Microsoft Research have developed a user interface for sensor data retrieval, specifically to the requirements of SwissEx. The interface is controlled mainly through a visual map interface incorporating a relief model and aerial photography/satellite photographs. The positions of sensors and/or model results will be overlayed onto this. Microsoft SensorMap has been integrated with GSN web interfaces to allow the user to query the sensor and retrieve real time sensor information through interaction with the map.

Wiki

An extension exists within the Wiki to show the latest data from a GSN virtual sensor and allow the user to download data. A second extension has also been developed which will allow this data to be plotted in an interactive plot inside the wiki.


This has been a basic overview of the technologies used within the SwissEx infrastructure. For more information on the various components, please click on the links provided.


SwissEx Infrastructure Example Use

A real example of how this infrastructure can be used is found in the BigLink project. The runoff measurement instrument consists of a collection receptacle which must be emptied by the field engineer once it exceeds a certain level.

Previous to SwissEx, the liquid volume data was automatically returned to a ‘Loggernet’ instance which laid down the data into a csv file. The field engineers did not have access to this server and had to regularly call the project manager in order to check on the level of liquid in the bottle.

With SwissEx in place, the csv file will be read by GSN and stored in the GSN database. This means that the csv file may be overwritten on each update.
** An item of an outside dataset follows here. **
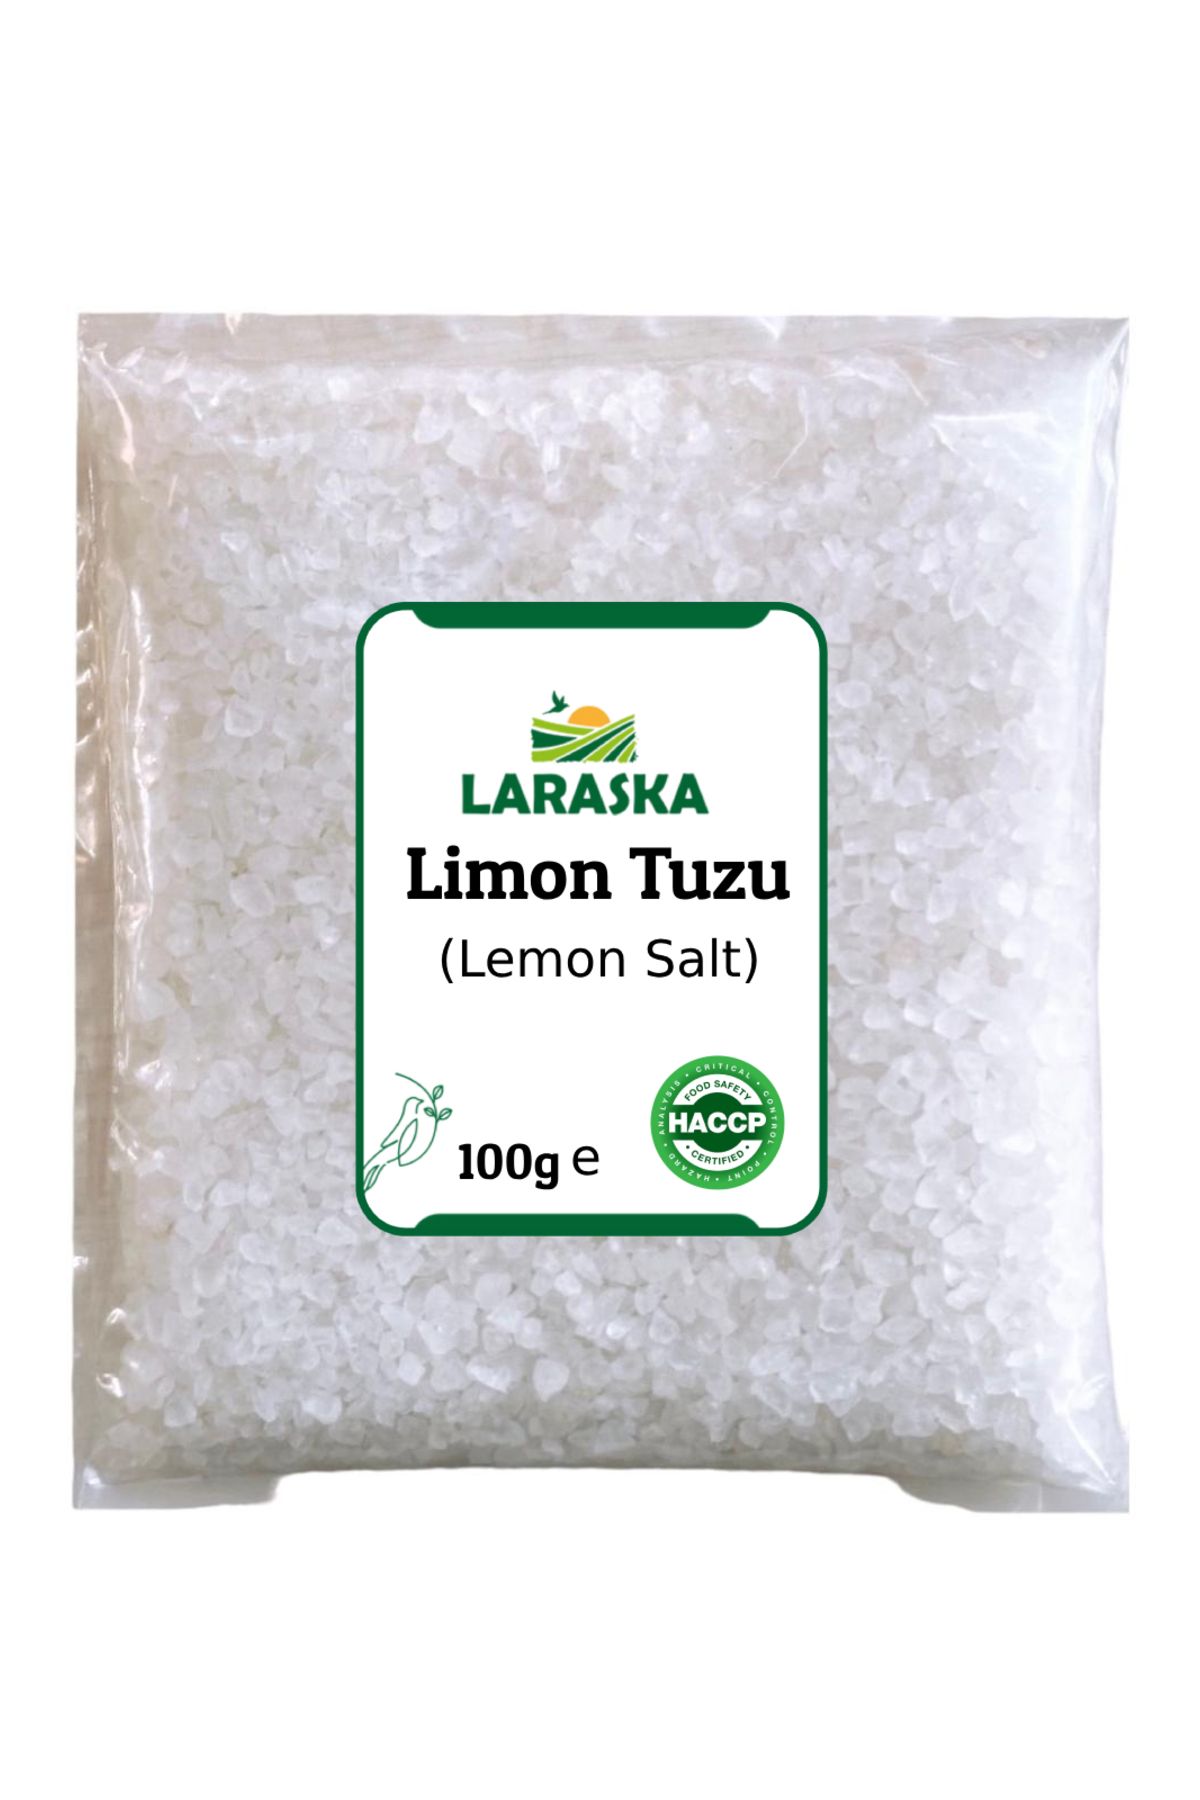 Laraska Limon Tuzu 100g - Lemon Salt 100g

Through either GSN or the SwissEx wiki, the field engineers may view the data online. An algorithm will be included in the virtual sensor which will check whether the data has been consistently above a threshold (to avoid false alarms) or possibly will check that the runoff has increased consistently until it exceeds the threshold. GSN will then send a SMS/text message to the field engineer to tell him/her that the runoff measurement equipment requires attention. The field engineers can then check on the calendar in the wiki to find out if anyone is going to the site in the near future and ask them to empty the receptacle. On emptying the receptacle, an observation is entered into the Metadata wiki entry pages that this work was carried out on this day at this time.

Through GSN and SensorMap, the analyst will be able to plot the runoff data against the meteorological station data (surface temperature, precipitation, air temperature) and e.g. may perform correlations to find the lag between the meteorological parameters and the increase in runoff volume. This data will be tagged according to the quality of the data as well as having tags to inform them that the receptacle had been emptied at a certain point, hence the inconsistency in the data. This eliminates the requirement for the analyst to go back to the field engineer’s logbooks and try to work it out for himself. When modelling, the model can be set to ignore any values which have a bad reliability tag, e.g. large jumps in values or very constant values which may indicate that the instrument is stuck. This saves the manual editing of data prior to entry into the model.